▸ **Task brief**:
Drop every picture, then transcribe the remaining data exactly.

▸ **Source material**:
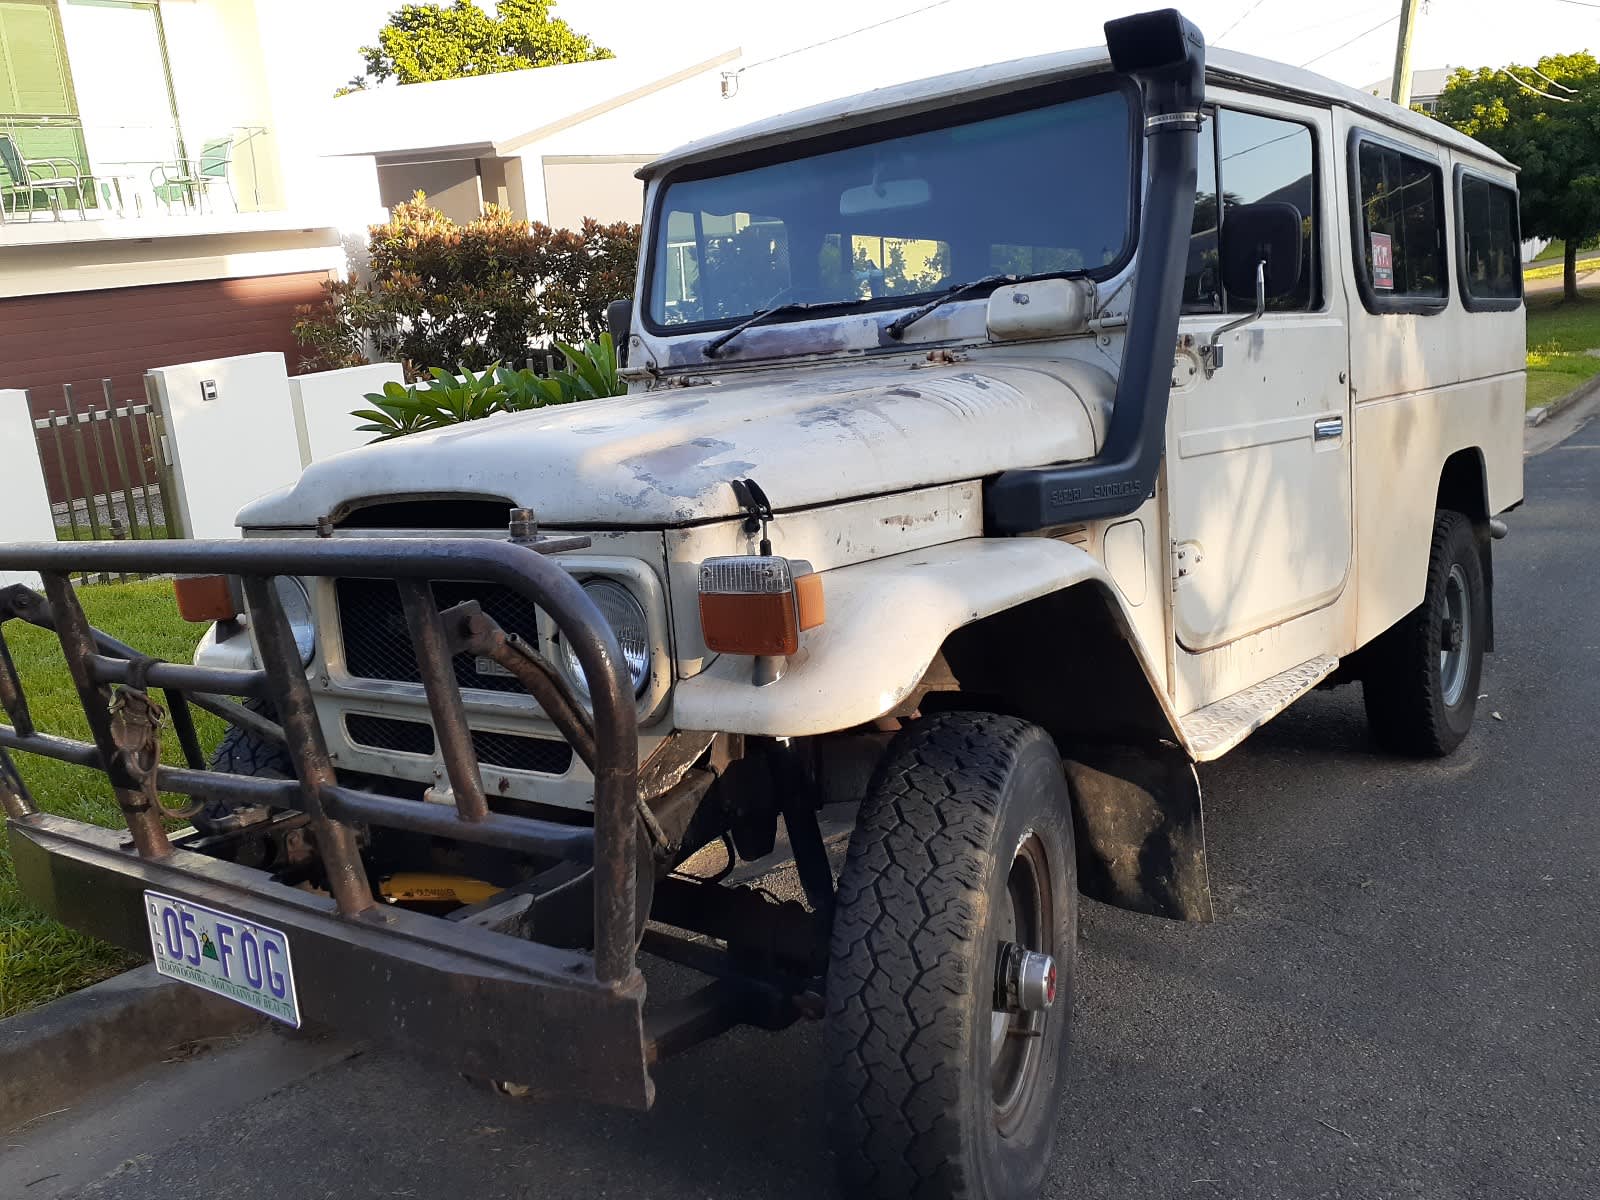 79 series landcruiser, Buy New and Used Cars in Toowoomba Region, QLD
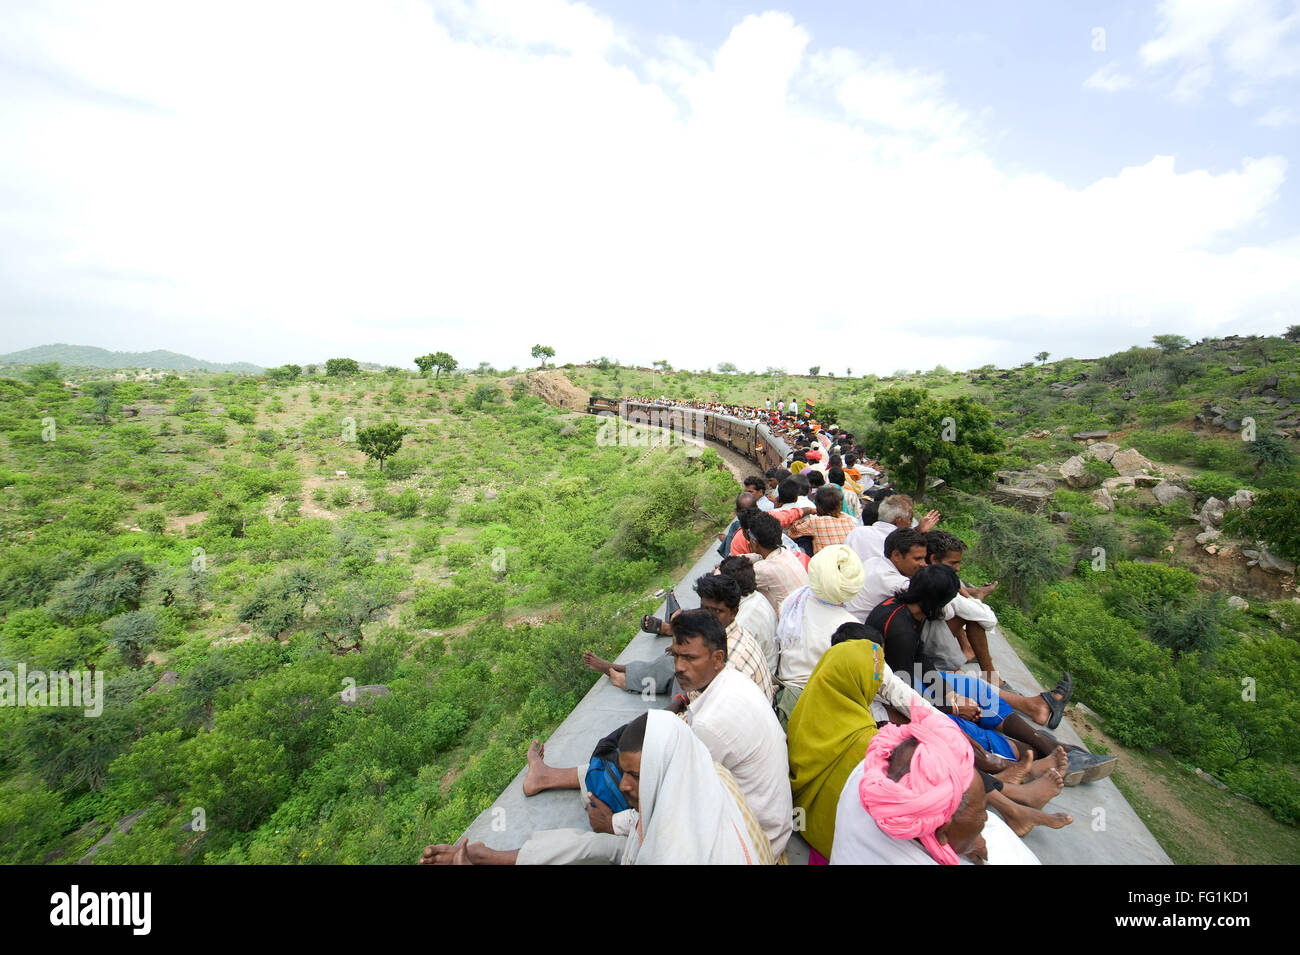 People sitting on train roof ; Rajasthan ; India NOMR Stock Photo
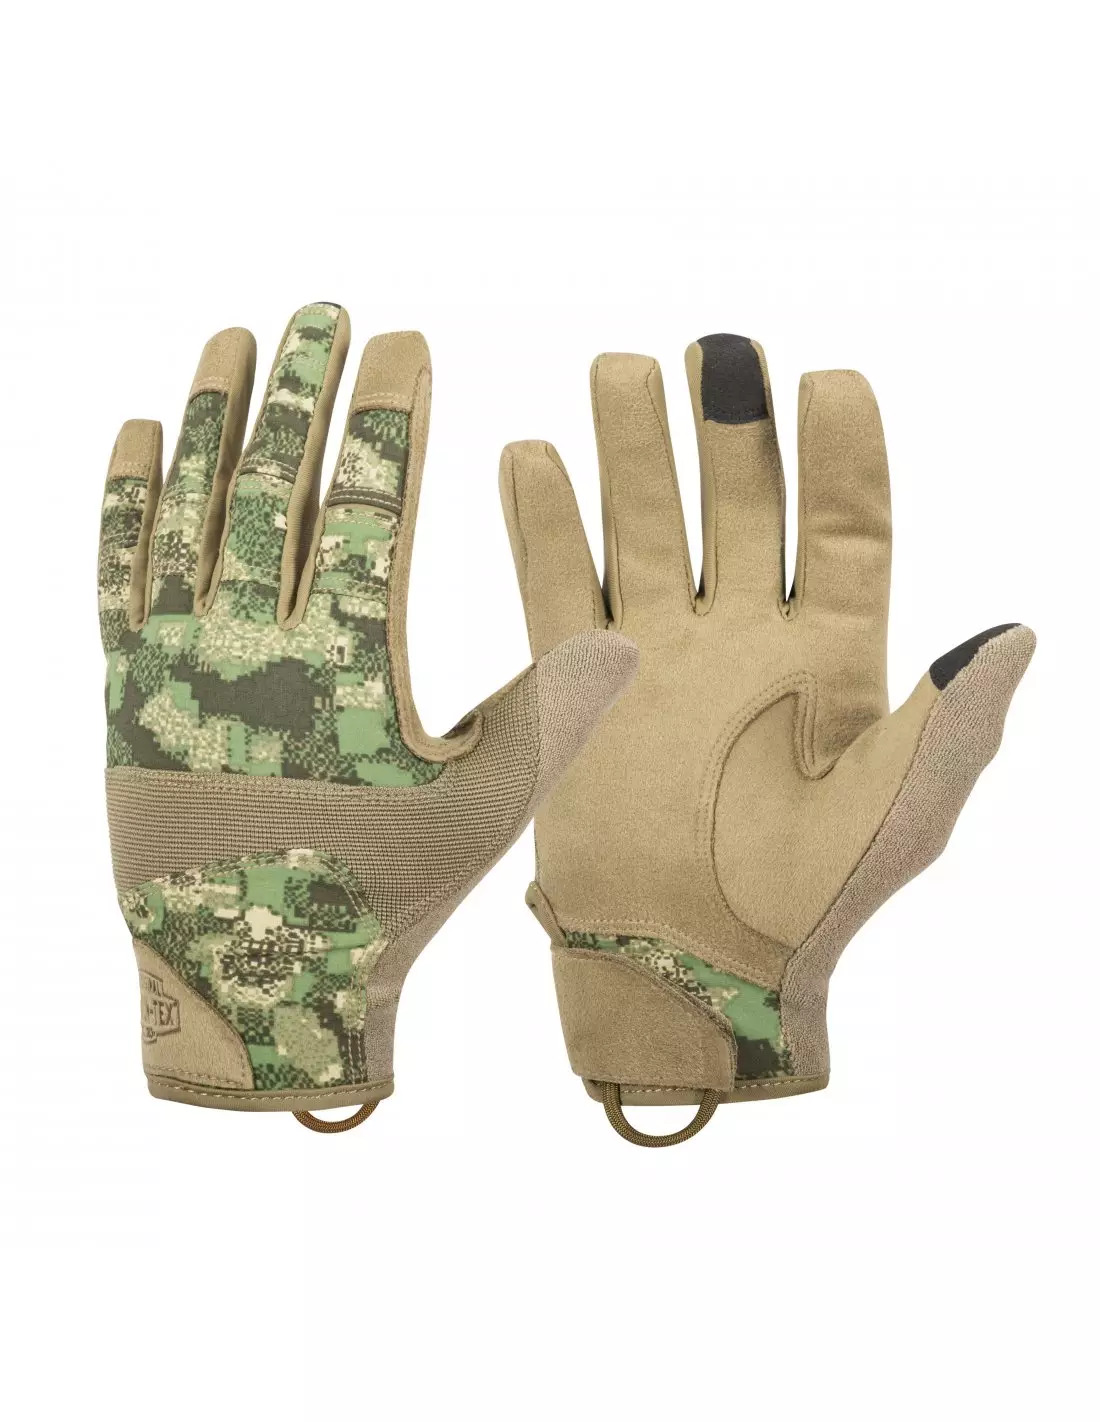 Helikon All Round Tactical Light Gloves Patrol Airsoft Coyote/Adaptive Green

▸ **Response**:
 79 series landcruiser, Buy New and Used Cars in Toowoomba Region, QLD
 People sitting on train roof ; Rajasthan ; India NOMR Stock Photo
 Helikon All Round Tactical Light Gloves Patrol Airsoft Coyote/Adaptive Green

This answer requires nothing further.